Totally agree, and again, I'm an example.
- I've scored 140 on (weschler scale) the new WISC IV. And that means Highly Gifted.
But notice that my Verbal IQ is higher than my Performance IQ.
Makes sense.

H.


----------



## Sepia

Very impressive - although I do not give IQ tests that much credit. I once scored 75 on an IQ test. On a second one 110 and on a third one 129.

They are never any better than the people who conceive them. 

------

And another thing: What ones native language is concerned, it is my impression, that most people don't really begin understanding the theory of their native language till they learn a foreign one well (if ever). And of course there is at good reason to this. Lots of aspects of your native language(s) are learned at an age where you do not yet have words to describe the principles and patterns that become automatic functions in your brain. People usually speak their mother language correctly and often cannot explain the simplest things. Sometimes they write or say things that are not correct and they know just as little how to correct this without yelling through the office "Do I write ... or ... ?" And they usually get a number of more or often less qualified answers. 

Once you learn a foreign language you need theoritical grammar as a tool - and this works just as well with your native language. I think most people who seriously study foreign languages have also improved their abilities in their native language in the course of doing so.
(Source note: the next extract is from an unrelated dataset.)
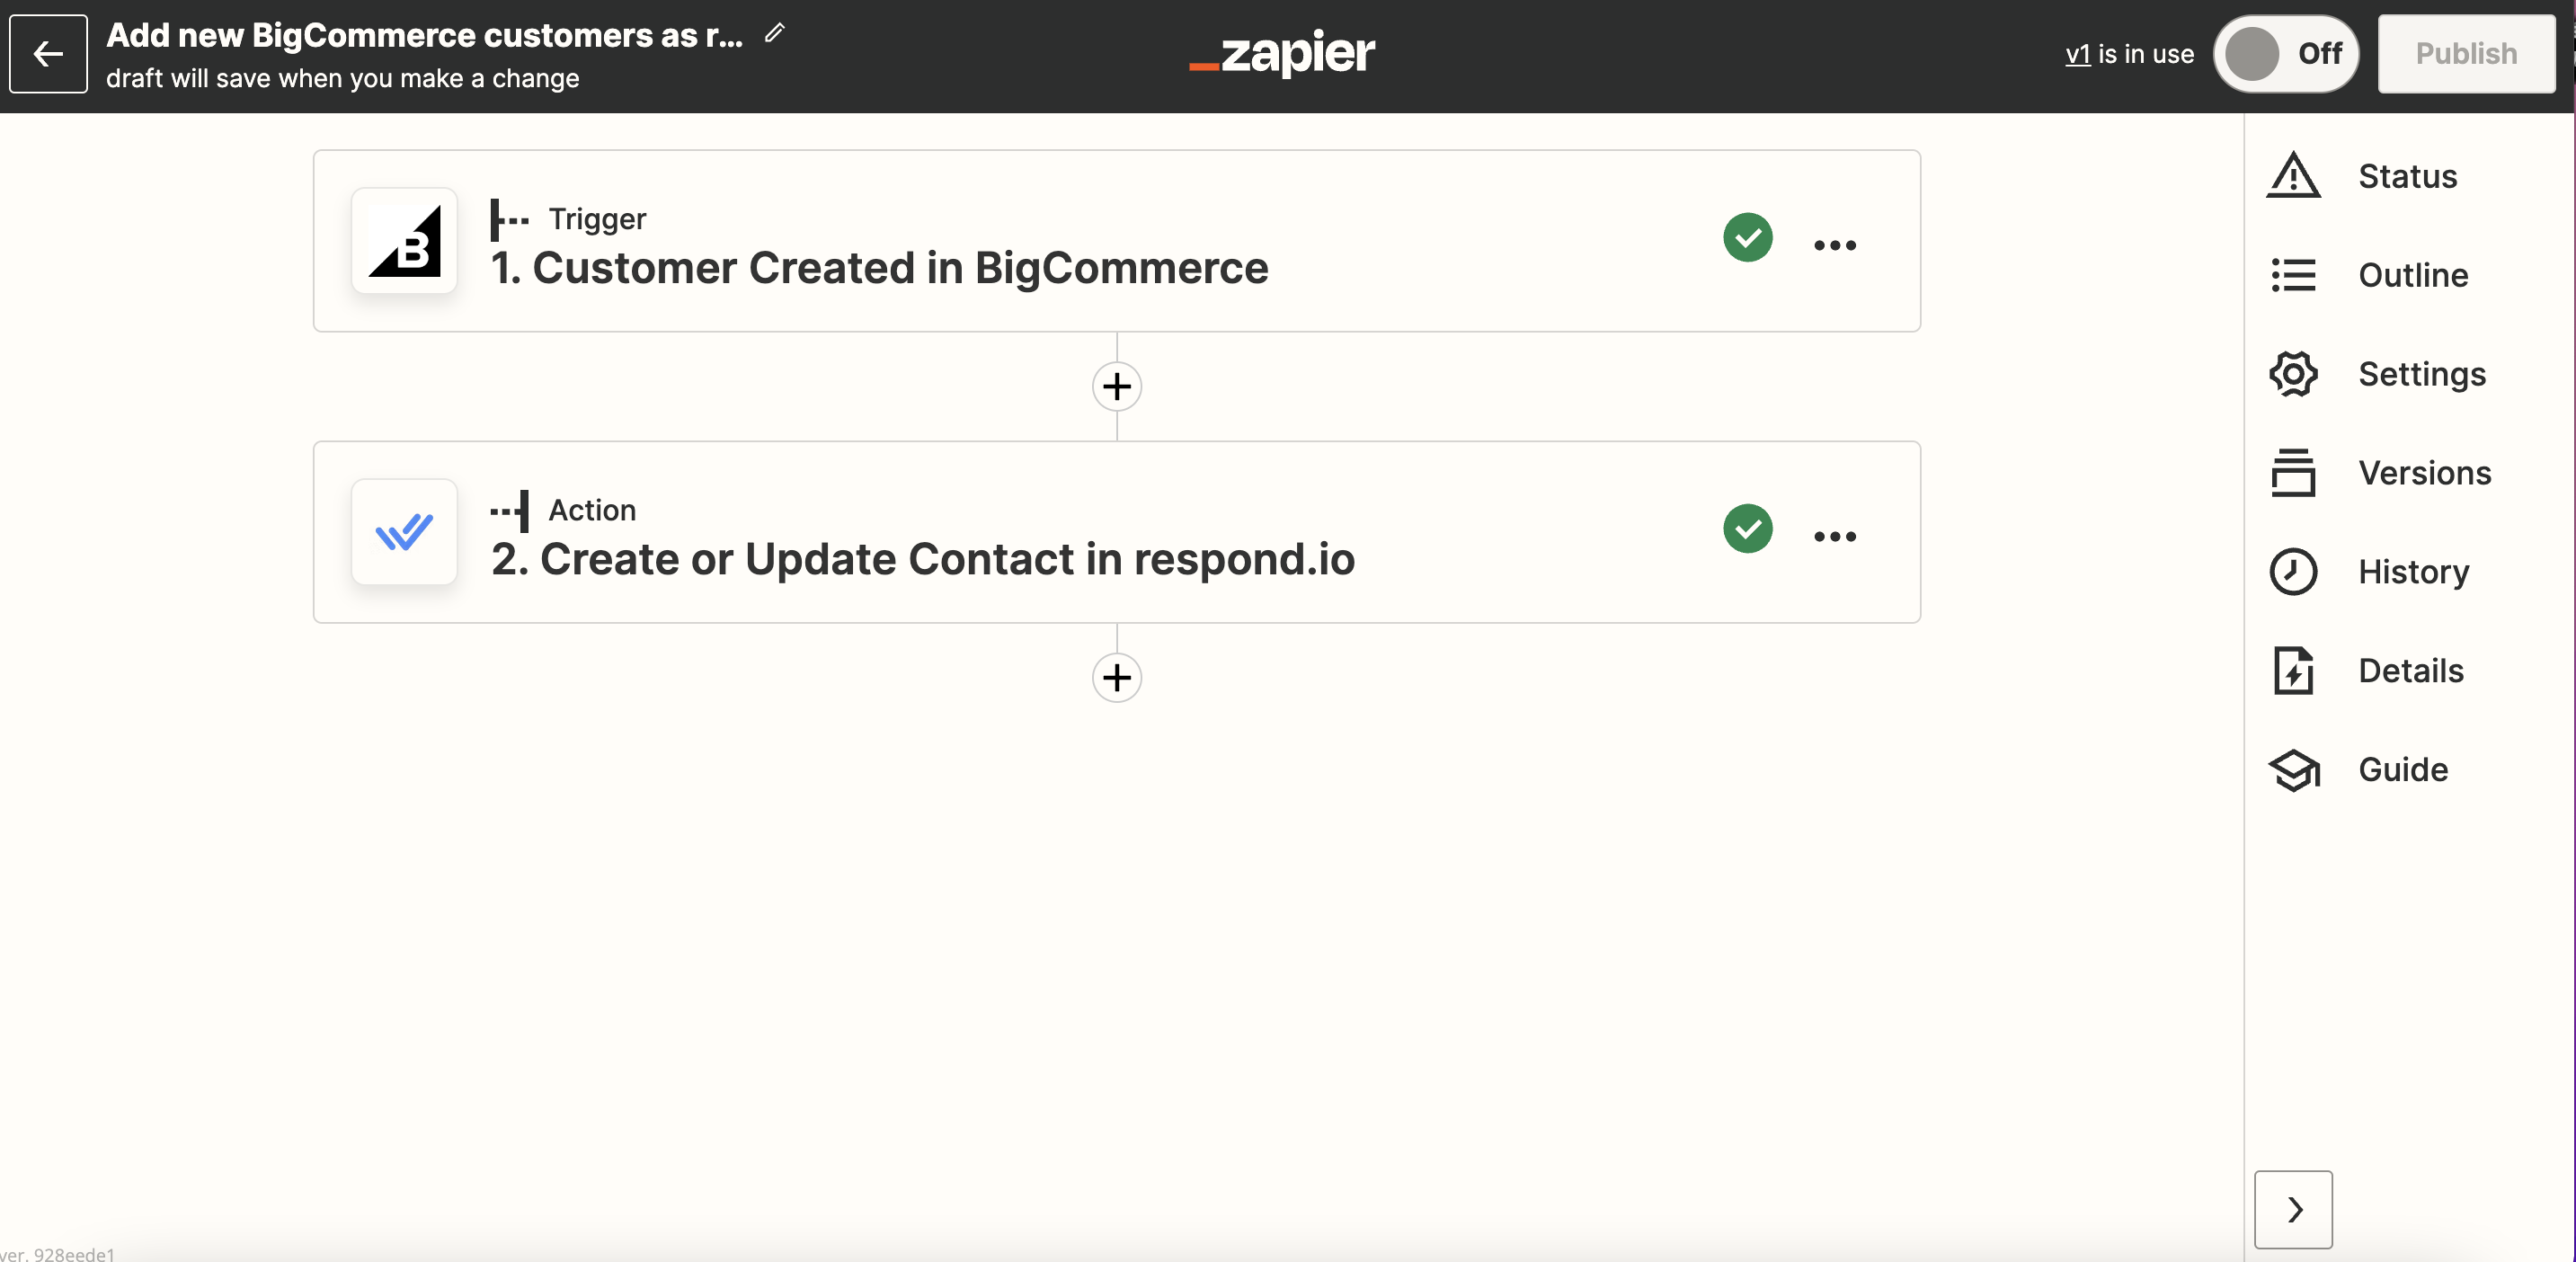 screenshot of Zapier template to add contacts as customers

They have NOT waited till they had abilities worthy of a prize-winning author, before they found themselves worthy of learning a second one.


----------



## Etcetera

Sepia said:


> And another thing: What ones native language is concerned, it is my impression, that most people don't really begin understanding the theory of their native language till they learn a foreign one well (if ever).


Yes, it's true.
Well, we had quite a lot of Russian classes at school, but I only grew interested in Russian grammar when I had the opportunity to compare it with English grammar. 
Now, after almost 4 years at University, my theoretical knowledge of English is far superior than my knowledge of the theory of the Russian language, but I've eventually come to better understanding of how my native language functions.


----------



## Ellie1

I believe that my ability to learn languages would have been much improved if I'd had a more thorough knowledge of the grammar of my native English.  I can't get to grips with french verbs because I don't really understand the english equivalents (although I speak correct english without being able to analyse it).  

I also believe that a knowledge of Latin would have helped in learning European languages.


----------



## karuna

I actually know the grammar of my native language quite well. Latvian punctuation rules are very complicated and pedantic that is impossible to write without thorough knowledge of grammar. But I never found this knowledge helpful in learning other languages. Maybe except for Russian because there are many grammatical similarities. But even then I was able to speak it only when I started to rely on my gut feeling instead of thinking logically in terms of grammar. Now I have forgotten most Russian grammar as well, I just speak it.


----------



## Q-cumber

*karuna*

Excuse me, did you really mean to say "I started to rely on my *gut* feeling?"


----------



## Zsanna

"I'm curious to know what people think about how important it is to know your mother language well before you try to learna foreign one?"

I agree with all those who emphasize that "it depends". On lots of things. 

Apart from those already mentioned (e.g. the aim for learning a language)it may also depend on the learner's age or what method he finds easier. 

Children as well as some adults are often better off without a lot of explanations when learning a language: they want to "use it immediately". They are the types who are not worried in advance about how to form the next sentence. They'll learn things "one by one", as they come. 
They can "function" wonderfully without any particular background knowledge of linguistics. 
(It is a "lucky" type in my view because they can accept things as they come and that can accelerate things.)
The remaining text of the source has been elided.